Required work:
Write out the listing verbatim. No pictures belong in it.

Data segment:

═══

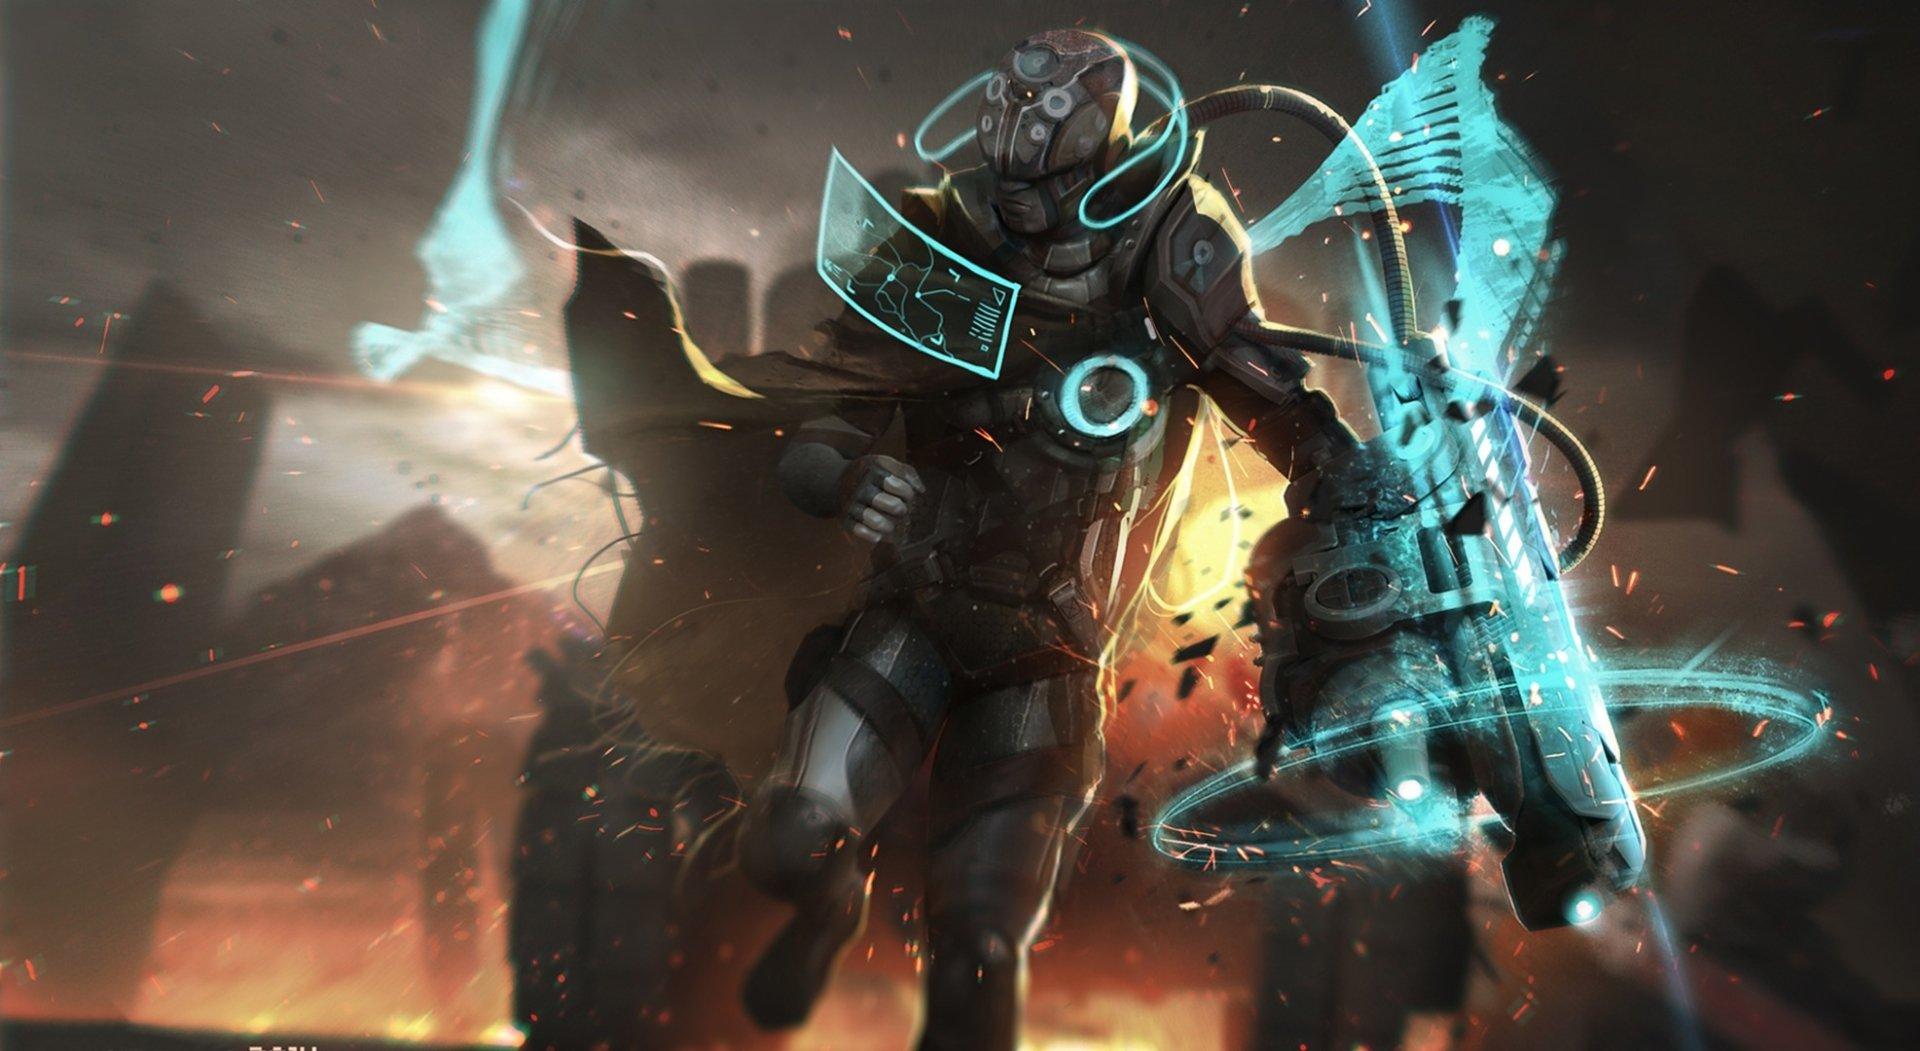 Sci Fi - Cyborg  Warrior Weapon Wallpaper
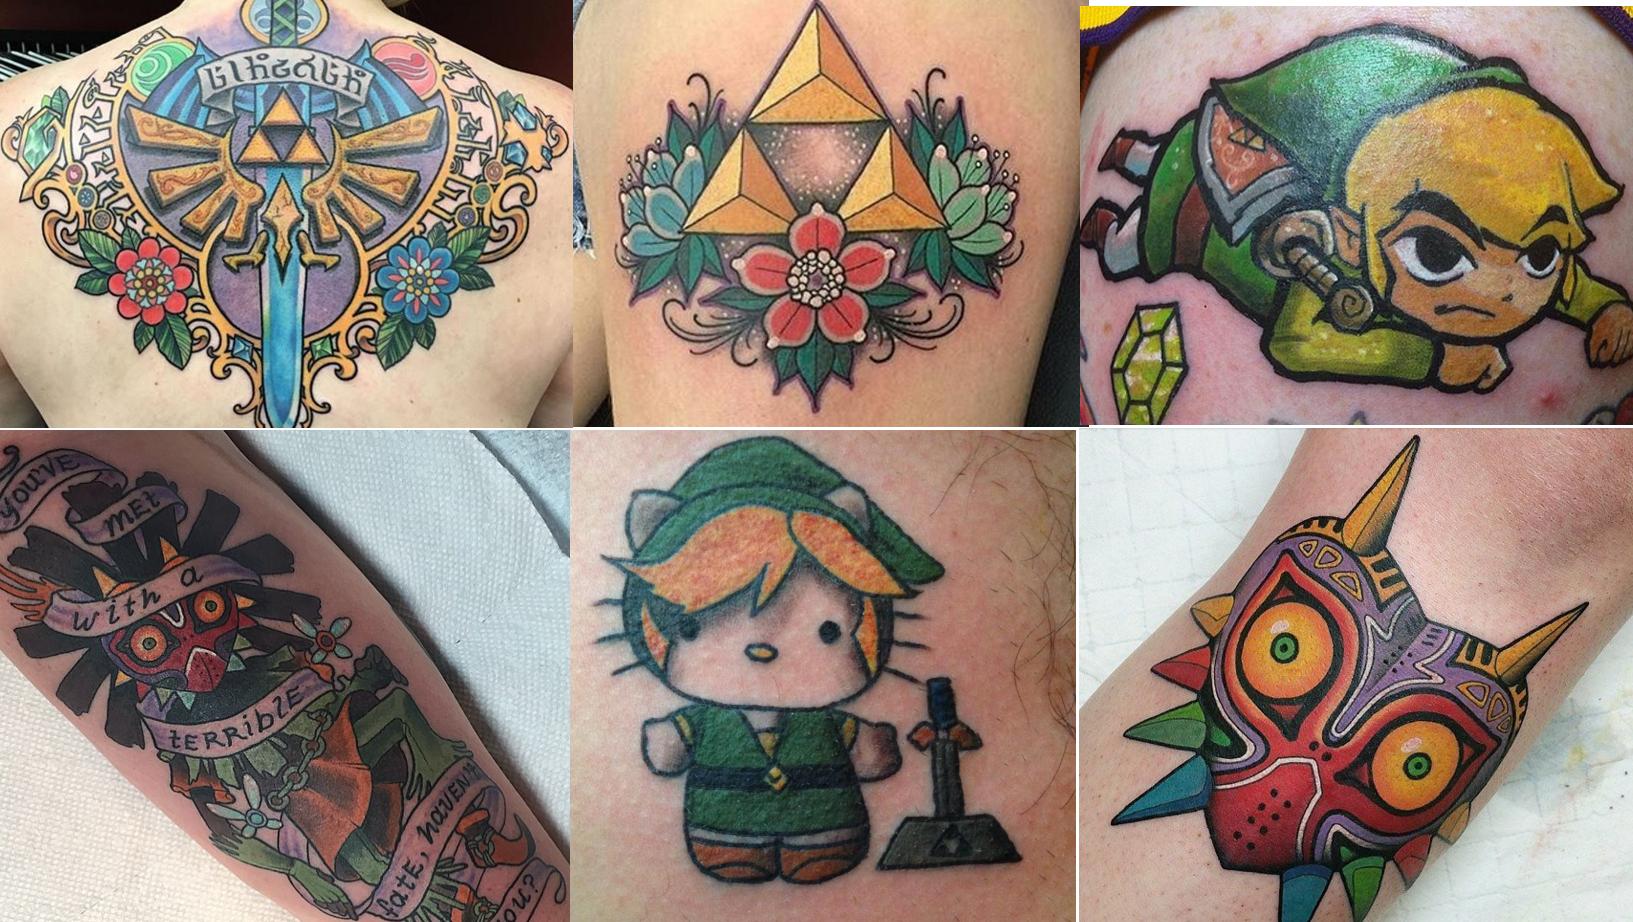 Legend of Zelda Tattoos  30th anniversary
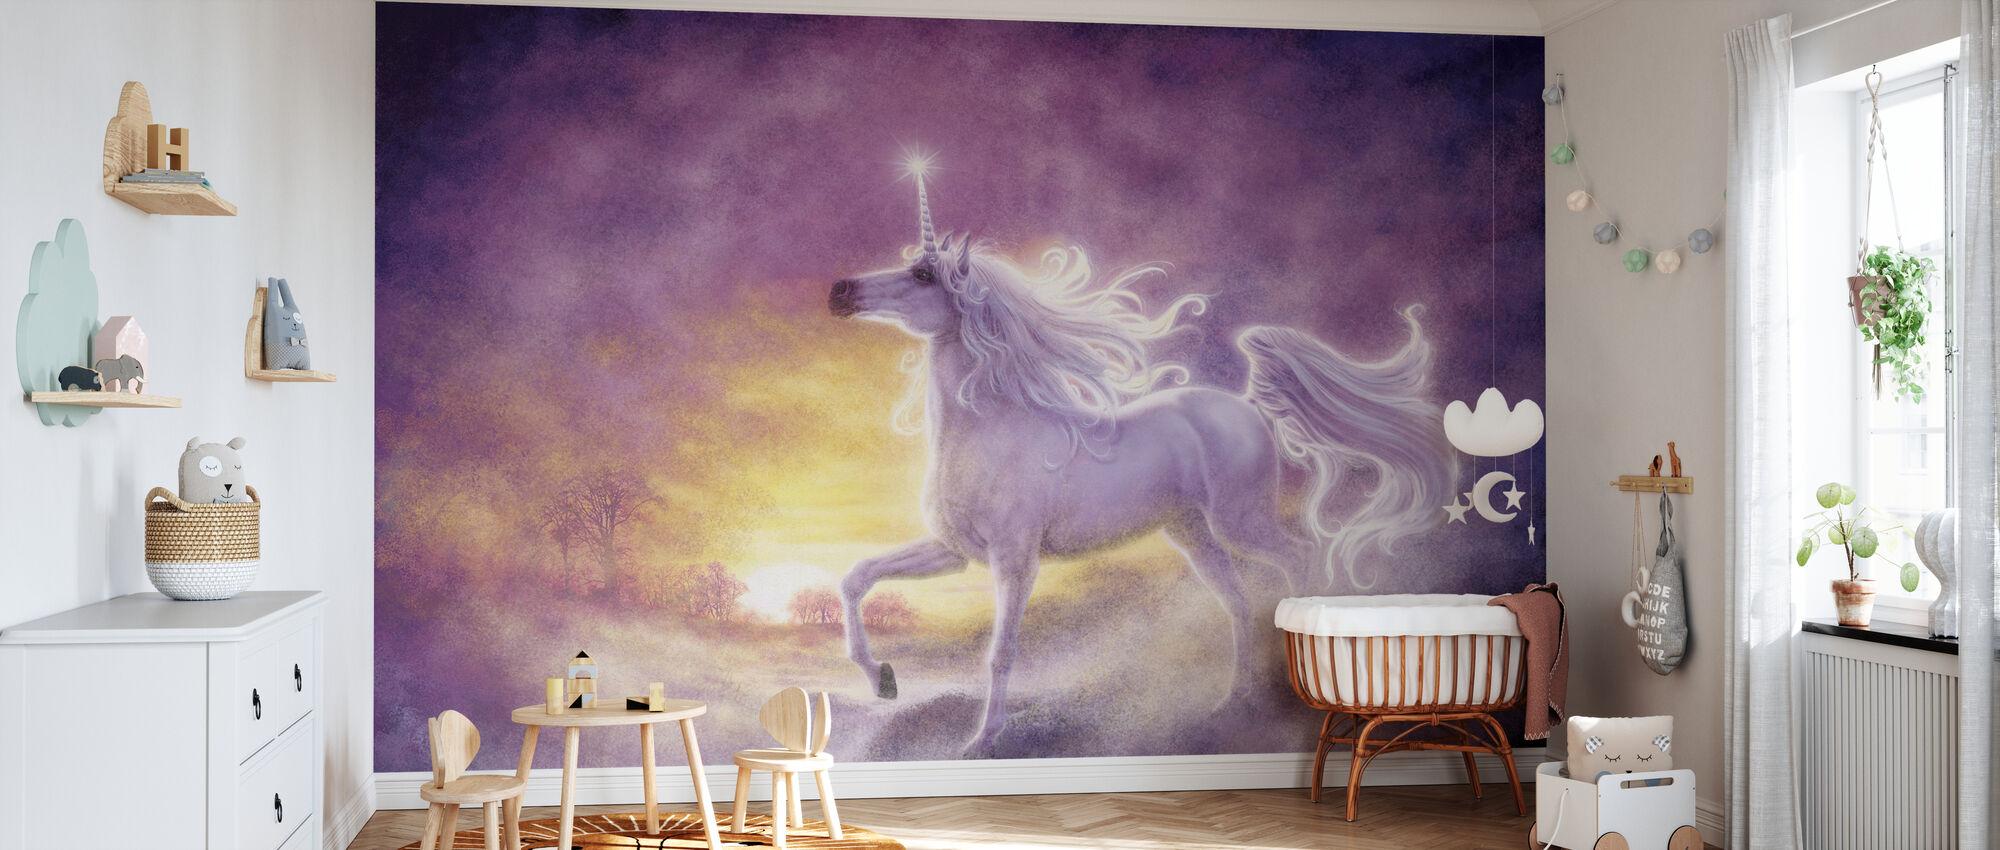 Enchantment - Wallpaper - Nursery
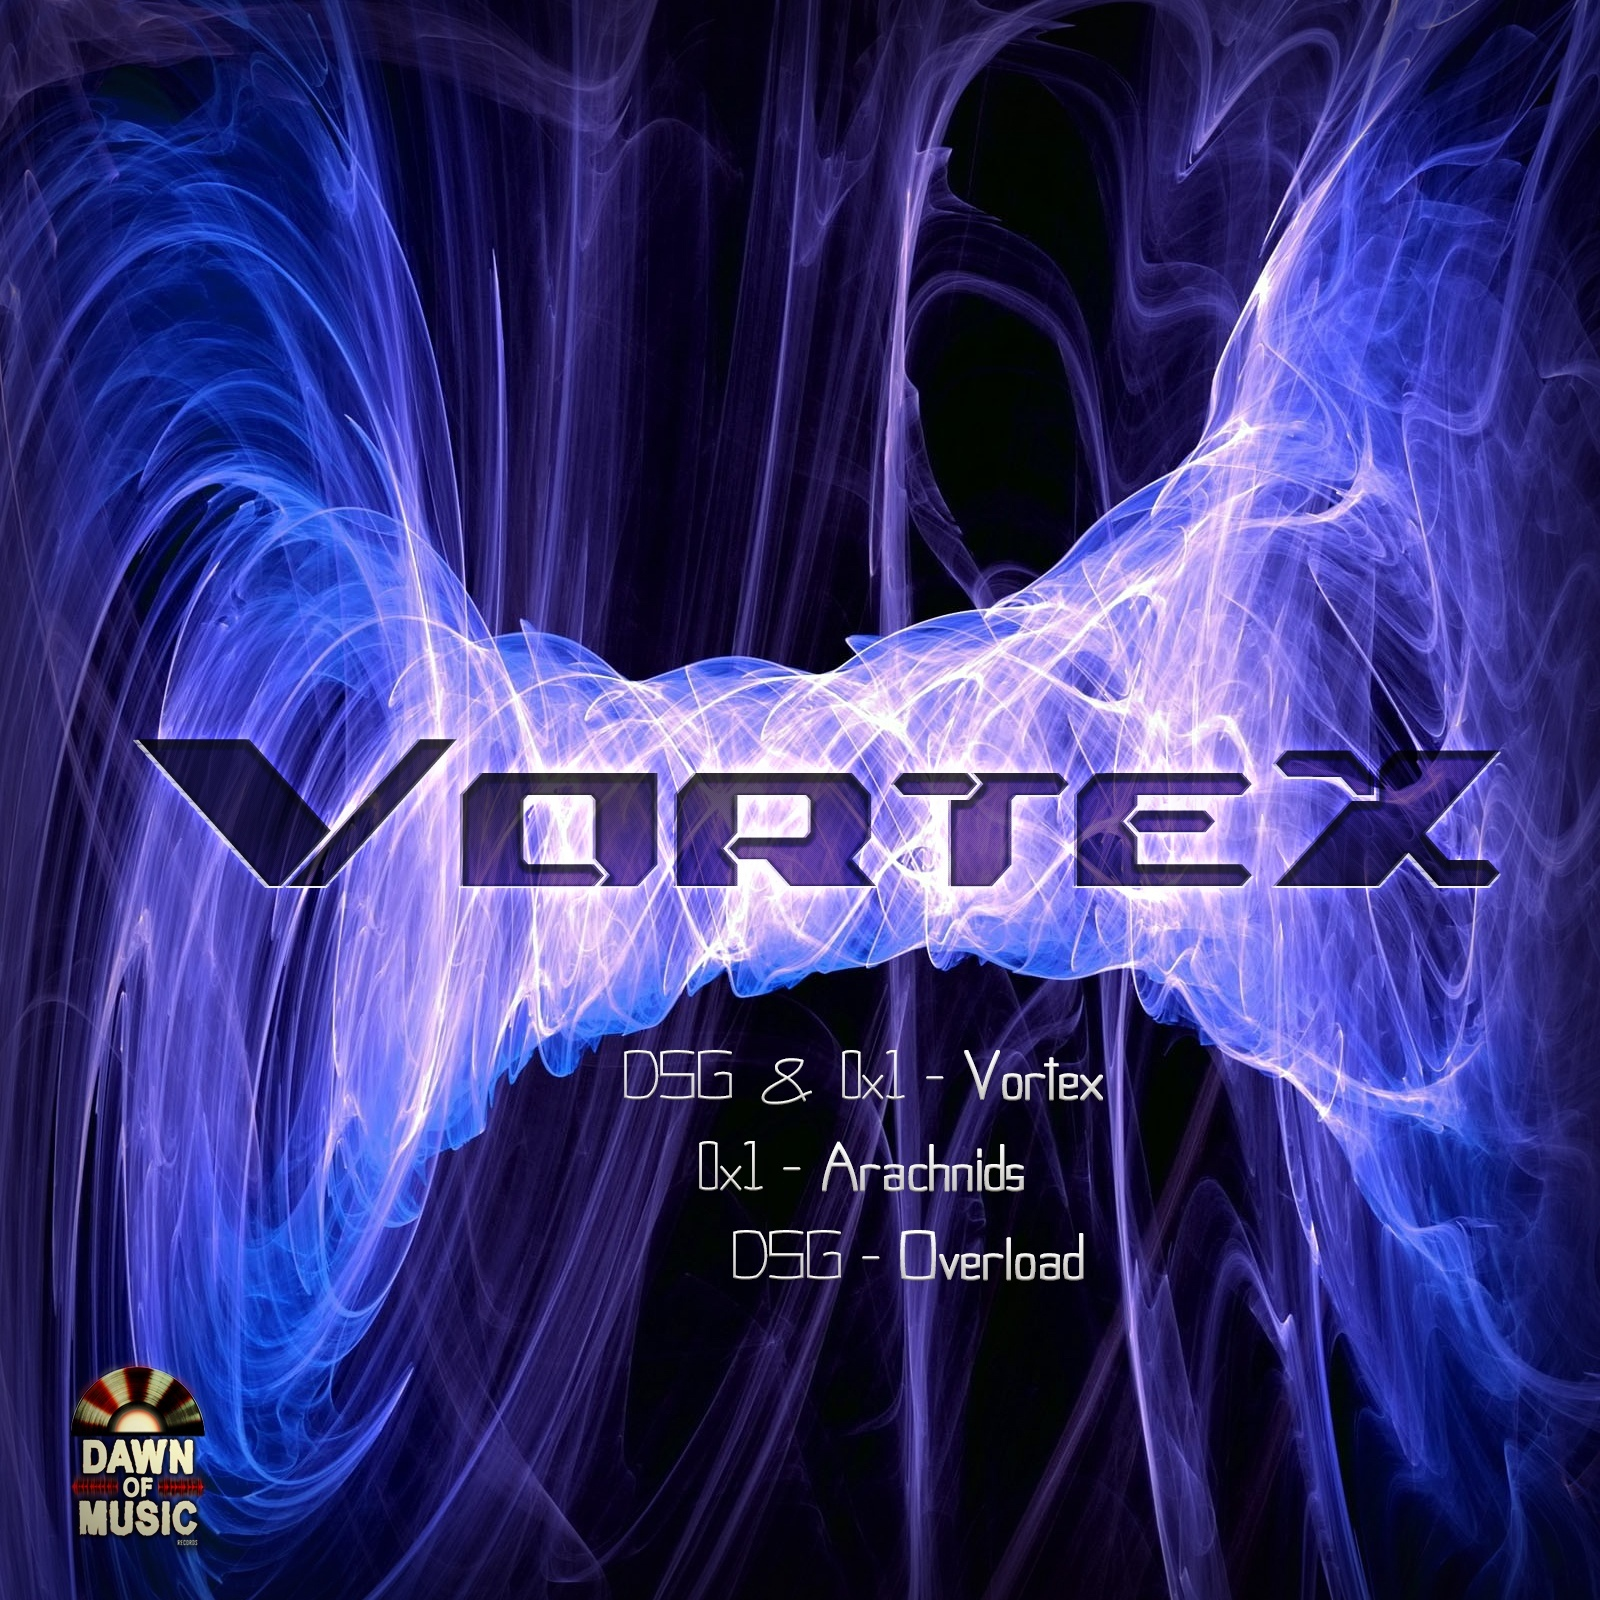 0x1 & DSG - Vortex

═══

Answer for this exercise:
 Sci Fi - Cyborg  Warrior Weapon Wallpaper
 Legend of Zelda Tattoos  30th anniversary
 Enchantment - Wallpaper - Nursery
 0x1 & DSG - Vortex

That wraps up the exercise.